Not sure what it is, but it LOOKS like the space in question is being exposed more than the surrounding image.  That implies to me that something is up with the camera.  I almost wonder if it isn't something funky with the mirror.

Might want to try to do a total reboot of the damned thing.  Take the lens off (put a cap on it), turn the power off, pull the battery out, wait 30 minutes and re-assemble it, then try again.


----------



## sultan (Sep 29, 2008)

I'd do what mannaheim said. This doesn't look good. Something appears to be wrong with your sensor (the sensitivity is too high in the streak and it is too low on the rest of the frame). Also, the contrast looks screwed up. Also, try a different lens to expel the slightest of doubts about whether its the camera or some weird lens reflection or something like that.


----------



## ksmattfish (Sep 29, 2008)

Email Canon repair service.  I'll guess it's a light leak, but I bet they will know what it is from looking at your photos.


----------



## tirediron (Sep 29, 2008)

I'm pretty sure ksmattfish is correct.
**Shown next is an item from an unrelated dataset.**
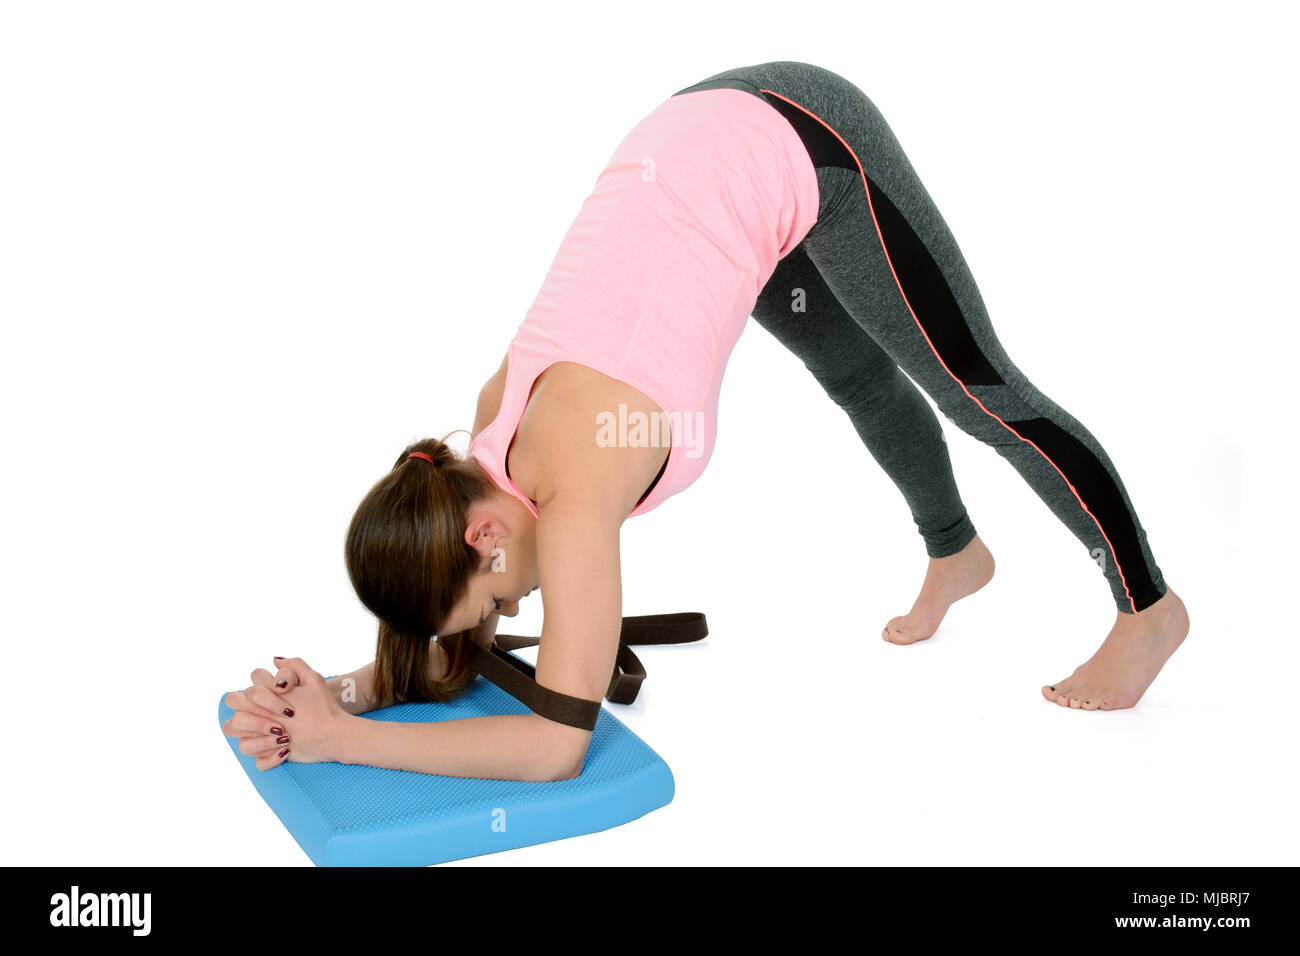 How to do Dolphin Pose - Yoga Tutorial - YouTube

Your sensor's working fine, but there's extra light getting in somewhere. It's unlikely to be anything to do with the mirror, unless somehow it got scratched (although I'm 100% sure that you can even scratch through the coating on DSLRs) but even then, that would show up (I expect) as a sharp line. 

(As mentioned) try it with another lens, if the problem persists cover the eyepiece with opaque tape/cloth/cardboard and try again. If it's still there, enclose the camera in a box, seal it up, and make an opening for the lens to poke out, but ensuring it's sealed with tape or cloth to make it light proof. If it's still there, then you have a real problem.

Good luck.


----------



## johnbarriephotograph (Aug 9, 2011)

I am having the same issue, just appeared out of no where. Even when the lens is not on and I snap a image the streak is there. Ugh! The images I captured look like a sun streak but it was on all imaghes. 
Stegnor did anything help your issue?


----------